Conclusions/significance: The prevailing wisdom is that M. ulcerans is an aquatic pathogen and that BU is acquired by contact with certain aquatic environments (swamps, slow-flowing water). Now, after 70 years of research, we propose a transmission model for BU in which terrestrial mammals are implicated as reservoirs for M. ulcerans.

Figure 1. Map of central coastal Victoria, showing places referred to in the text or associated references.
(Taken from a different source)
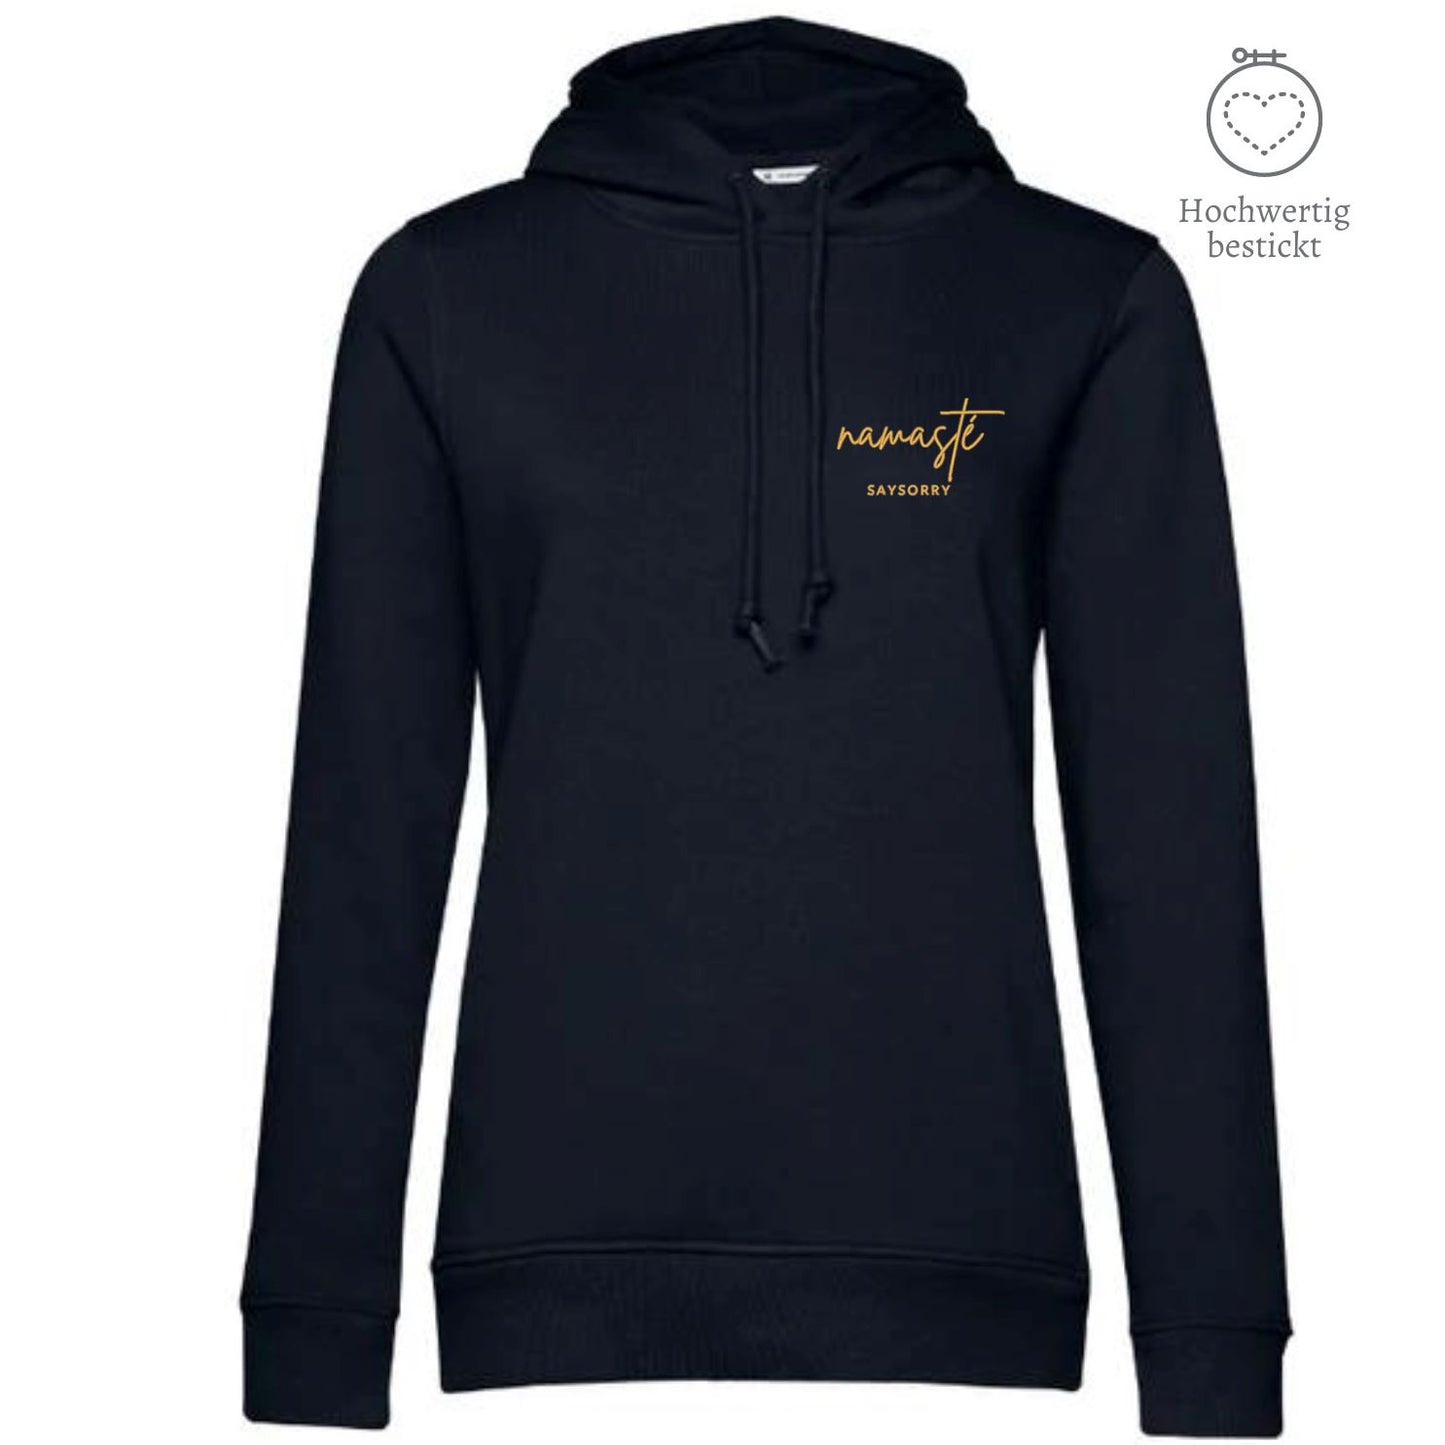 Organic & recycelter Damen Hoodie »Namasté in Gold« hochwertig bestickt Shirt SAYSORRY Black Pure XS 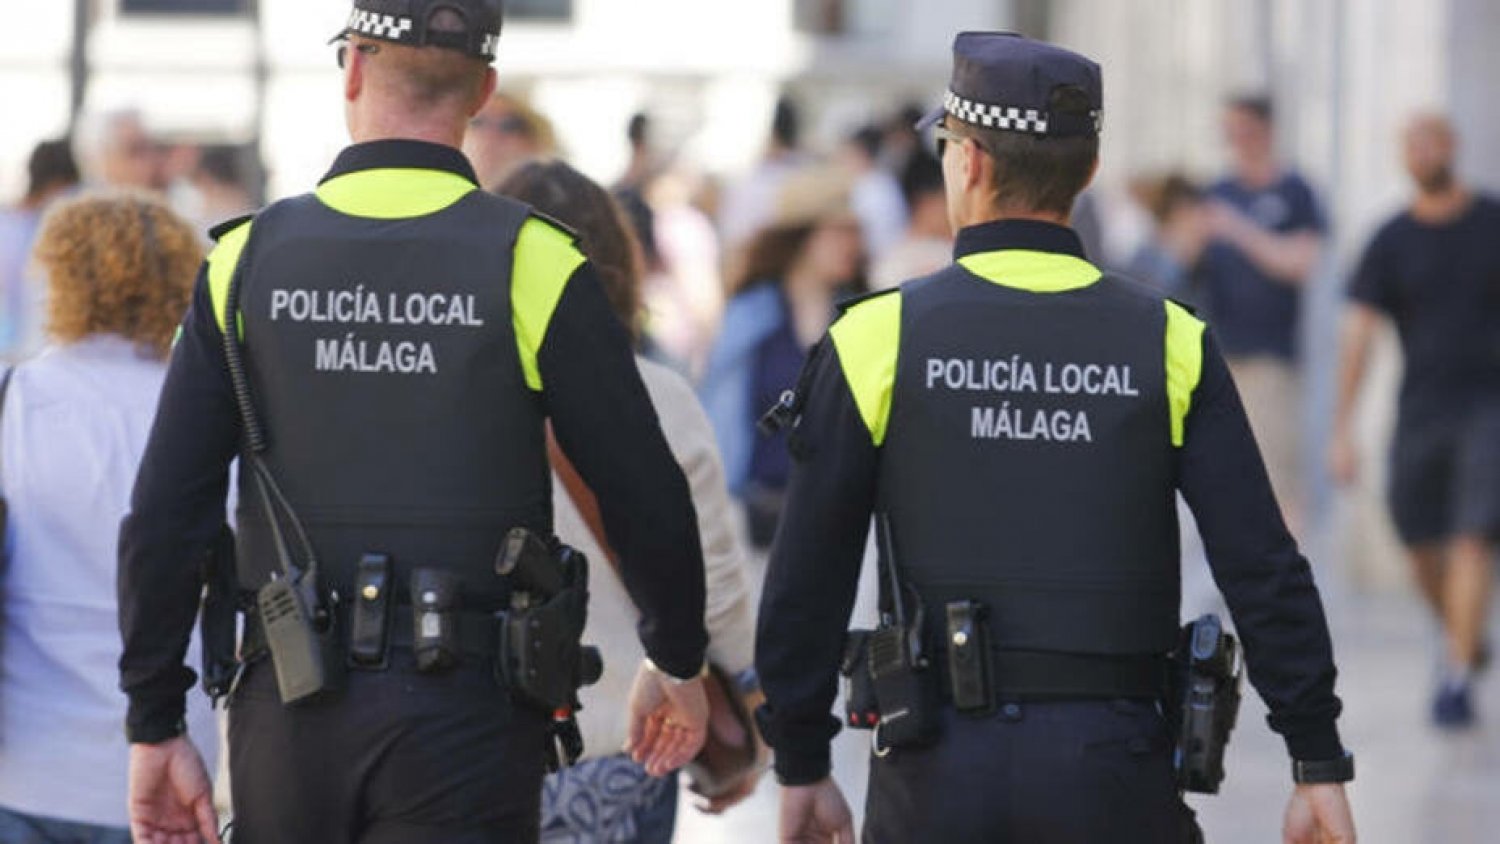 La Policía Local tramita 106 denuncias en materia de control de ruidos y convivencia en la última semana

Figure 2. Photographs of Point Lonsdale, common brushtail possums and common ringtail possums.

A. Point Lonsdale streetscape showing typical possum habitat. B. Common brushtail possum. C. Common ringtail possum. D. Brushtail possum faeces (left) and ringtail possum faeces (right). E. Ringtail possum tail lesion. F. Ringtail possum nose lesion.

Figure 3. Distribution and estimated bacterial load of M. ulcerans-positive ringtail faecal samples in two towns.

Map shows results of faecal surveys conducted in Point Lonsdale (approx. 81 human cases 2005–09) in August 2008 and Queenscliff (approx. 6 human cases 2005–09) in November 2008.

Figure 4. Variable number tandem repeat (VNTR) typing of M. ulcerans DNA in possum faeces demonstrates identity with human outbreak strain.

Numbers represent VNTR loci . At each locus: left PCR product, Victorian human patient isolate; right PCR product, DNA extracted from brushtail possum faeces collected in Point Lonsdale.

Figure 5. Proposed transmission pathways of M. ulcerans between the environment, mosquitoes, possums and humans.

1. Possums ingest M. ulcerans from the environment and/or infected by an insect vector. 2. Possums amplify and shed M. ulcerans into the environment. 3. Insect vectors become contaminated with M. ulcerans from the environment and/or from contact with infected possums. 4. M. ulcerans transmitted to humans via insect vector and/or direct contact with contaminated environment.